WORK ITEM:
Restate word for word the lines of the material below, from the line with "Motts_Apple_Base-Splash-01.jpg" to the line with "SoBuy Luxus-Küchenwagen mit", both lines included, and no others.

○ ○ ○ ○ ○ ○ ○

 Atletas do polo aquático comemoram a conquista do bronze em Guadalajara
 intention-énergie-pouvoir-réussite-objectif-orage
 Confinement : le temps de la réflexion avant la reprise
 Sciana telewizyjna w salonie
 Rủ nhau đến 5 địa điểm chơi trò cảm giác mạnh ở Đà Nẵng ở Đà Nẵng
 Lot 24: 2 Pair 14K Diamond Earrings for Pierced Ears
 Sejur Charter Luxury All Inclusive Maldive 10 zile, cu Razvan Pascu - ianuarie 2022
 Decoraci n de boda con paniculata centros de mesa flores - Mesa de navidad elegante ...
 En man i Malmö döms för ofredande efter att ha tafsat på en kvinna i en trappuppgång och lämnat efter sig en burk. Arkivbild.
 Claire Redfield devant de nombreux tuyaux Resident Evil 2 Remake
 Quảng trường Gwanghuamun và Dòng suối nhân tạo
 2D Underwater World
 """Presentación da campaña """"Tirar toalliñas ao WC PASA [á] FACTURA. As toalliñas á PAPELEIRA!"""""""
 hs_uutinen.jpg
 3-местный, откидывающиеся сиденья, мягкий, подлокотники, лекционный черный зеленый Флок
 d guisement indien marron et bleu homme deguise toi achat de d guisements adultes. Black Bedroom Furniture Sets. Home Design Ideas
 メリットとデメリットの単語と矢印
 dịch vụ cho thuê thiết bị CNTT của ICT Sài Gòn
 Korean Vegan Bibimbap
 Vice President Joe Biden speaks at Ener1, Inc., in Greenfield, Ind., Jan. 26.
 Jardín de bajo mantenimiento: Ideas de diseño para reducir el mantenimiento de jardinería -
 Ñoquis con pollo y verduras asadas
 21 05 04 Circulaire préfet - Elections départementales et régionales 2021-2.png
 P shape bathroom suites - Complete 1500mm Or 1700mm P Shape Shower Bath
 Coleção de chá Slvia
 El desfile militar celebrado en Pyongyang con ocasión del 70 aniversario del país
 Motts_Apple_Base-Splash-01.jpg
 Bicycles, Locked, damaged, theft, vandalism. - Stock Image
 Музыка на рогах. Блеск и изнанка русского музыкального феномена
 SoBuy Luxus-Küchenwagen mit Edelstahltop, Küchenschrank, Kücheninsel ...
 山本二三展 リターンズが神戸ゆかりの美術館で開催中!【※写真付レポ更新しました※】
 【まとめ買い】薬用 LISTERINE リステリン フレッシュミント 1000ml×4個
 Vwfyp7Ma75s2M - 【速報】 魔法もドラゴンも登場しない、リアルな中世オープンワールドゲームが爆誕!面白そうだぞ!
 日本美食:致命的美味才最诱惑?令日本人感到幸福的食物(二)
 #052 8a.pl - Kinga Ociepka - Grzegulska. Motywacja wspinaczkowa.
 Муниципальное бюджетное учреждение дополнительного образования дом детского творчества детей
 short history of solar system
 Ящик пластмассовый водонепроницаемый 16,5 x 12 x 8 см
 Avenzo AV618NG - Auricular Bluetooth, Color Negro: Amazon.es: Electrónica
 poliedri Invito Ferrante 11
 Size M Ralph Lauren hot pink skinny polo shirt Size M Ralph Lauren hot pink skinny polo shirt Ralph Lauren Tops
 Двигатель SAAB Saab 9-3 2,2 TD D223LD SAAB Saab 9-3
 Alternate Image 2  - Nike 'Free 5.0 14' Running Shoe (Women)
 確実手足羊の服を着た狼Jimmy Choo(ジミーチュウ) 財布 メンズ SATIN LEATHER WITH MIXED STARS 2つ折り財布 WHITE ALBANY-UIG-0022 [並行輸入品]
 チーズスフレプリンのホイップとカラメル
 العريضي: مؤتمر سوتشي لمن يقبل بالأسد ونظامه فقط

○ ○ ○ ○ ○ ○ ○

TASK ANSWER:
 Motts_Apple_Base-Splash-01.jpg
 Bicycles, Locked, damaged, theft, vandalism. - Stock Image
 Музыка на рогах. Блеск и изнанка русского музыкального феномена
 SoBuy Luxus-Küchenwagen mit Edelstahltop, Küchenschrank, Kücheninsel ...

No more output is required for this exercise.